Start of DATA BLOCK
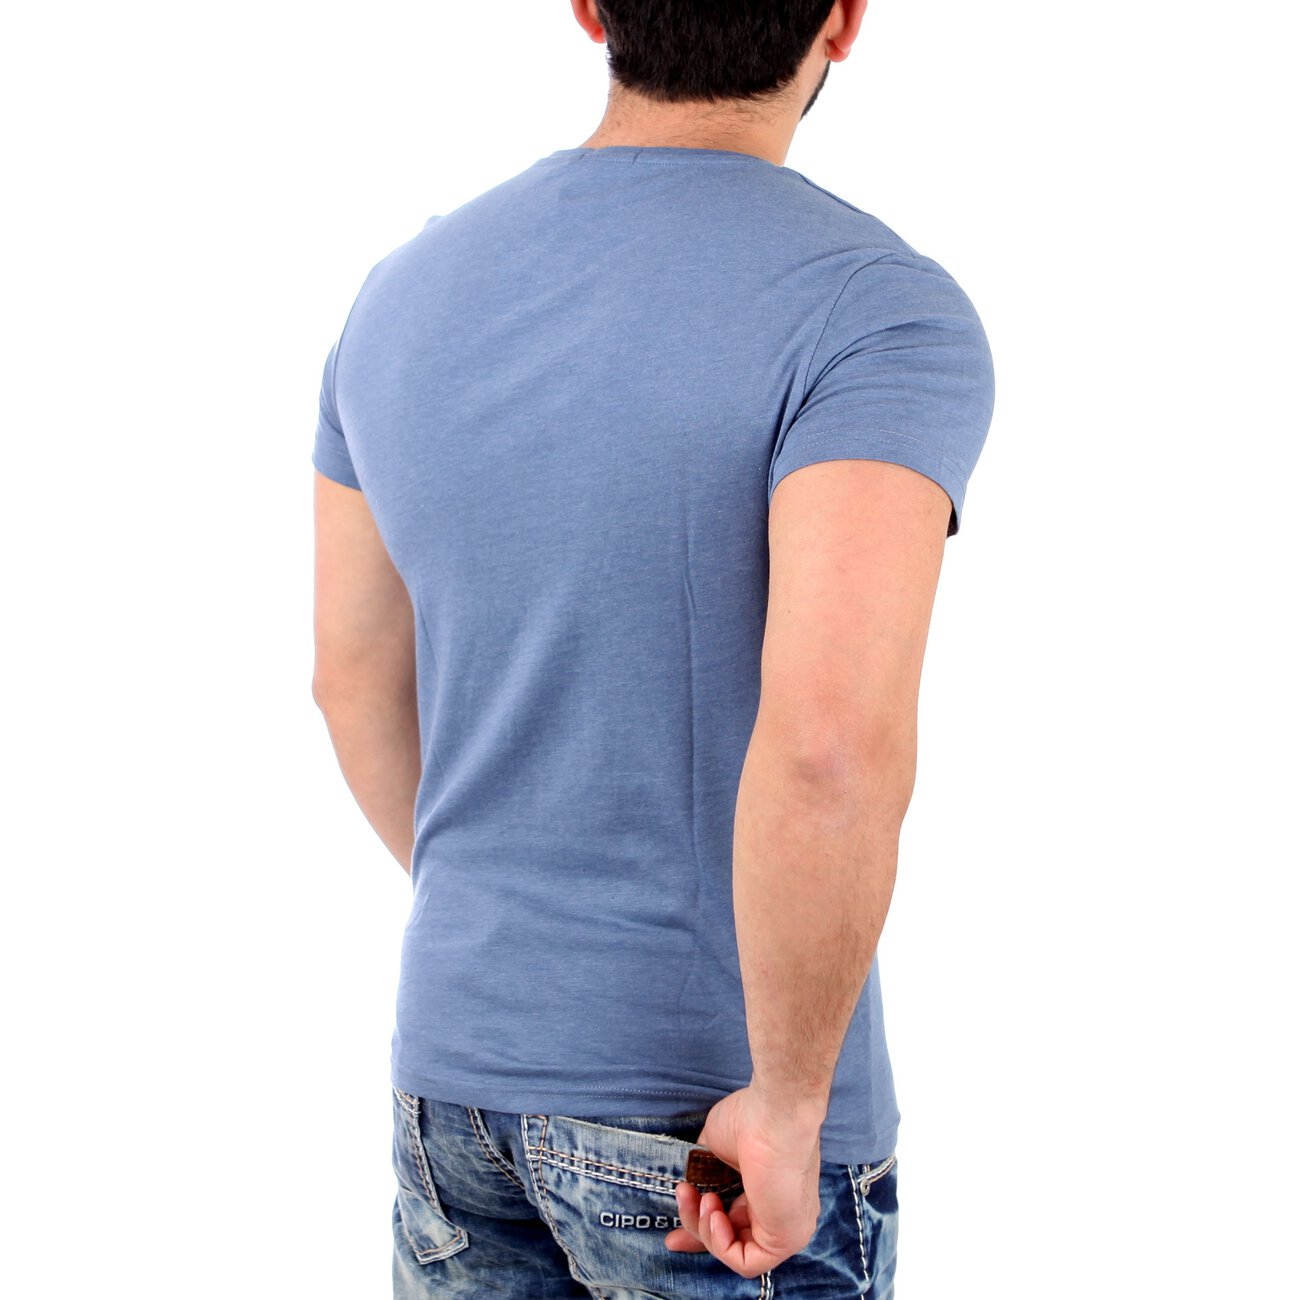 Reslad t shirt herren portland motiv print kurzarm shirt for T shirt printing in portland oregon
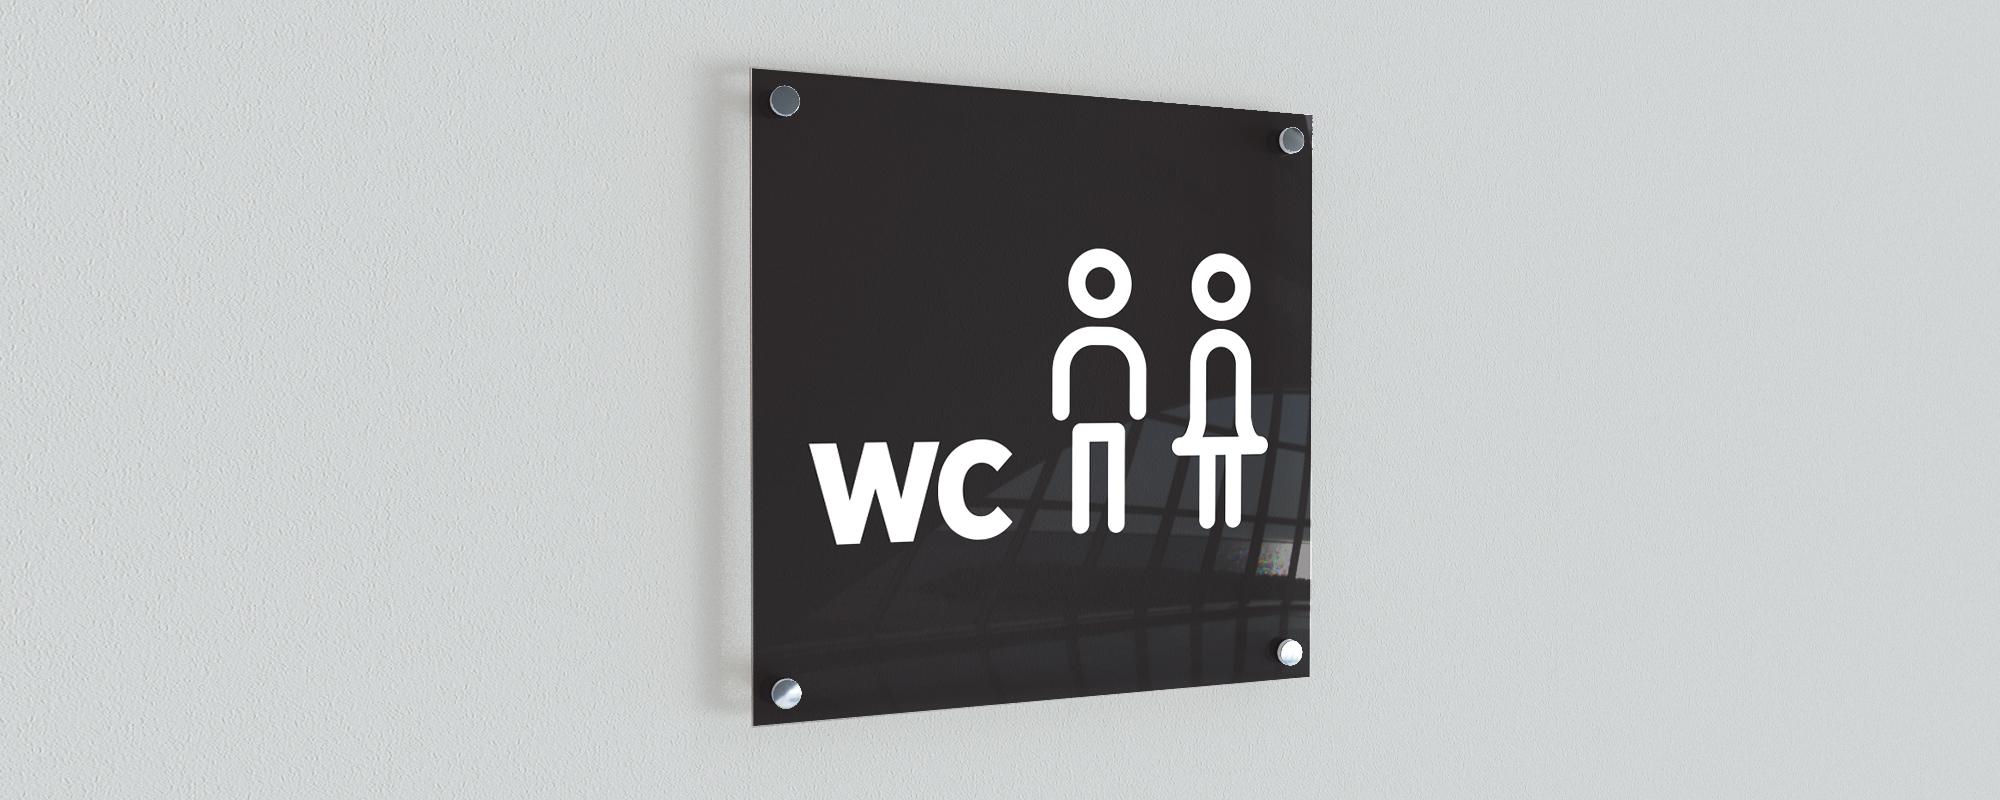 Wc_table.jpg
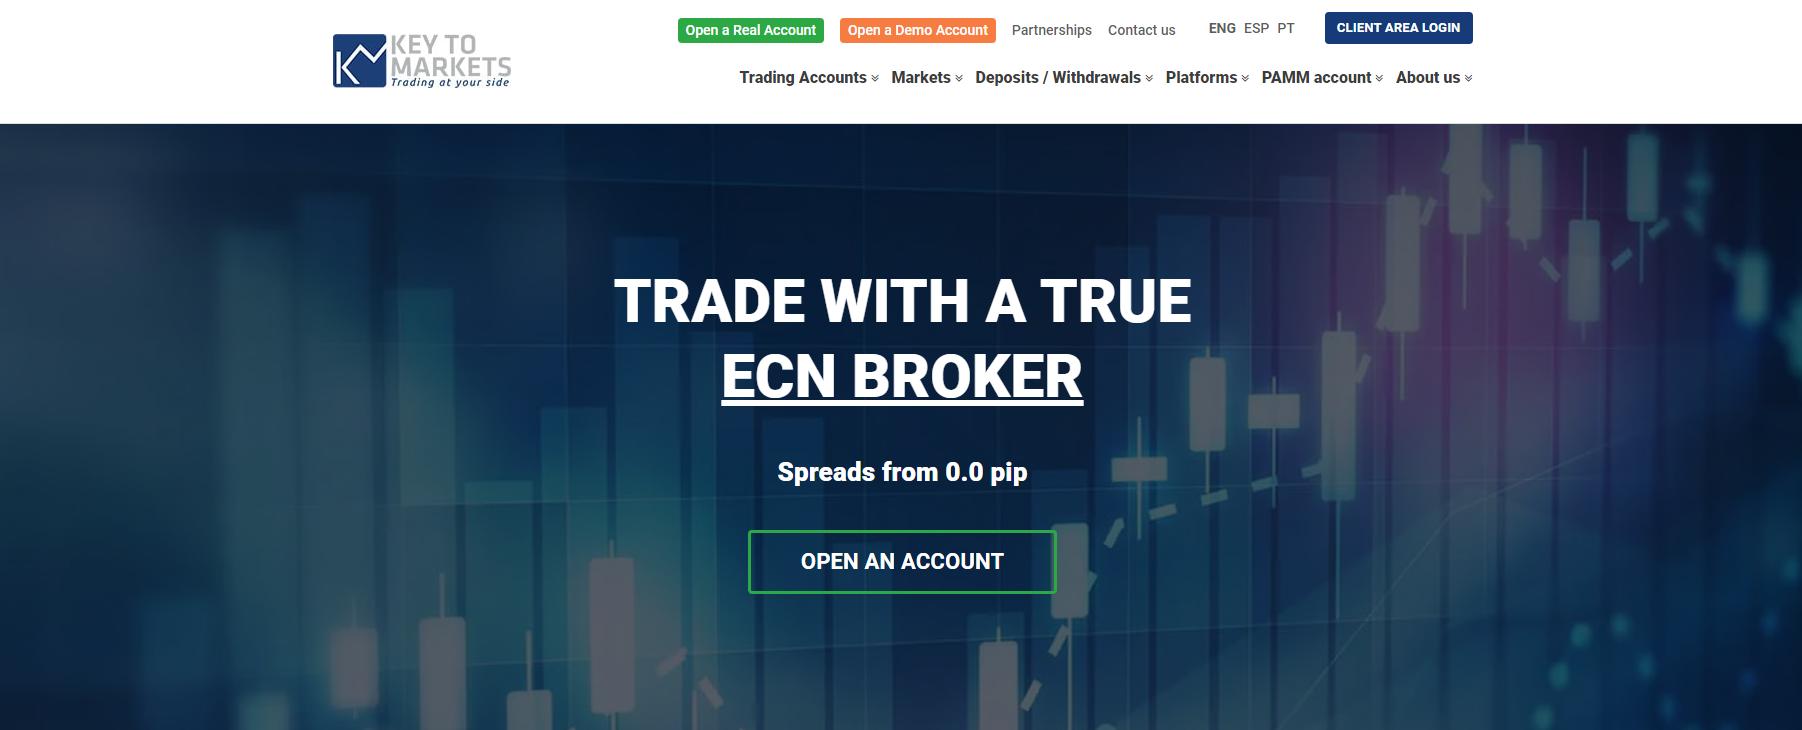 key to markets официальный сайт
End of DATA BLOCK
AIM OF THE EXERCISE
Repeat the data word for word. Images are not part of the copy.

SOLUTION FOR THIS TASK
 Reslad t shirt herren portland motiv print kurzarm shirt for T shirt printing in portland oregon
 Wc_table.jpg
 key to markets официальный сайт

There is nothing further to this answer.